Fortune’s Fool: The Life of John Wilkes Booth (Oxford University Press), by Terry Alford
During the 1863 riots in New York City, John Wilkes Booth was prepared to shelter a black man from the racist mobs. Two years later, he killed the author of the Emancipation Proclamation. Many lives are paradoxical when viewed up close, as historian Terry Alford finds in Fortune’s Fool, the most complete biography of Booth to date. Contrary to popular misconception, Booth was not a failed thespian but a star of the stage. Though living in the North, he was committed to Dixie. In his morbid fascination with Lincoln, Booth turned assassination into a performance with a dramatic flourish.
The Great Divide: The Conflict Between Washington and Jefferson that Defined a Nation (Da Capo Press), by Thomas Fleming
George Washington and Thomas Jefferson agreed on little and author Thomas Fleming agrees with Washington more often than not.
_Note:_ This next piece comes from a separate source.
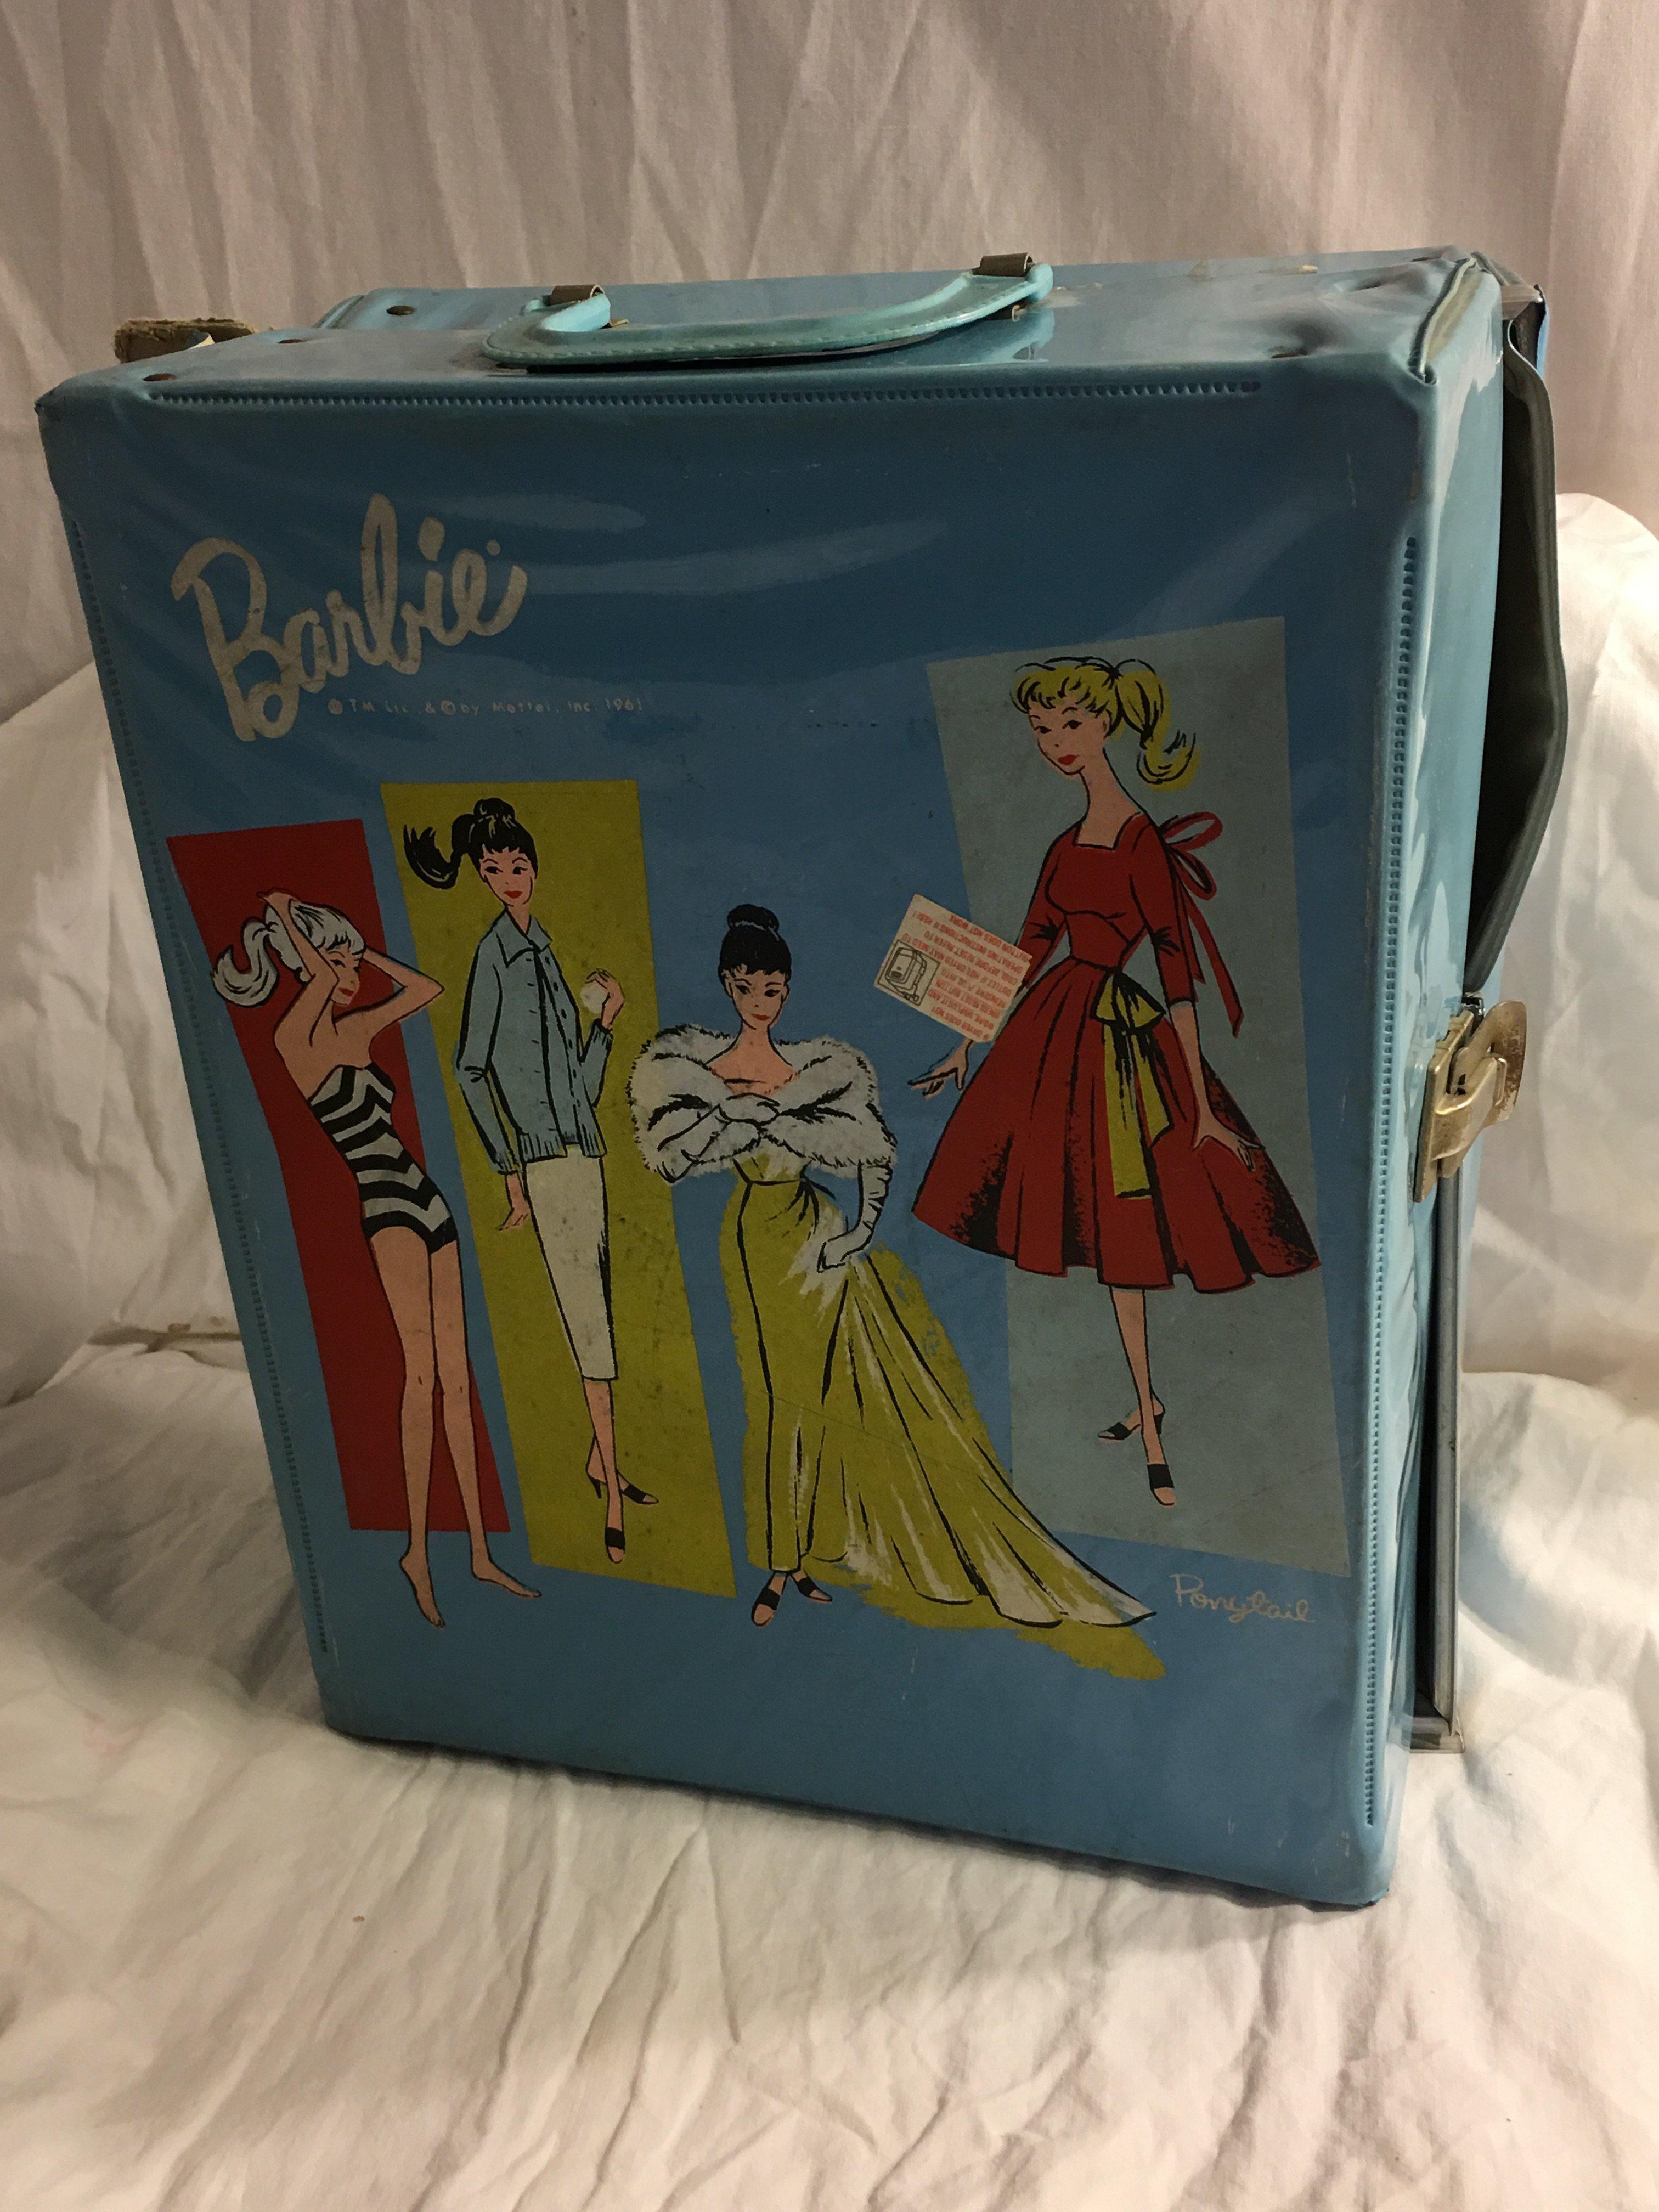 Collector Vintage Barbie Doll Case Ponytail Light Blue Color With Clothes Has Damage Size:13"x11"

In his engaging analysis of the role the two founders played in the American Revolution and the government that took control in the aftermath, he finds Washington’s practical good sense and ethical virtues preferable to Jefferson’s rhetorical brilliance. On more than one occasion, Washington prevented the U.S. from becoming a military dictatorship, while Jefferson was plagued by “a streak of unrealism” that put words, “especially his own words, above practical considerations.”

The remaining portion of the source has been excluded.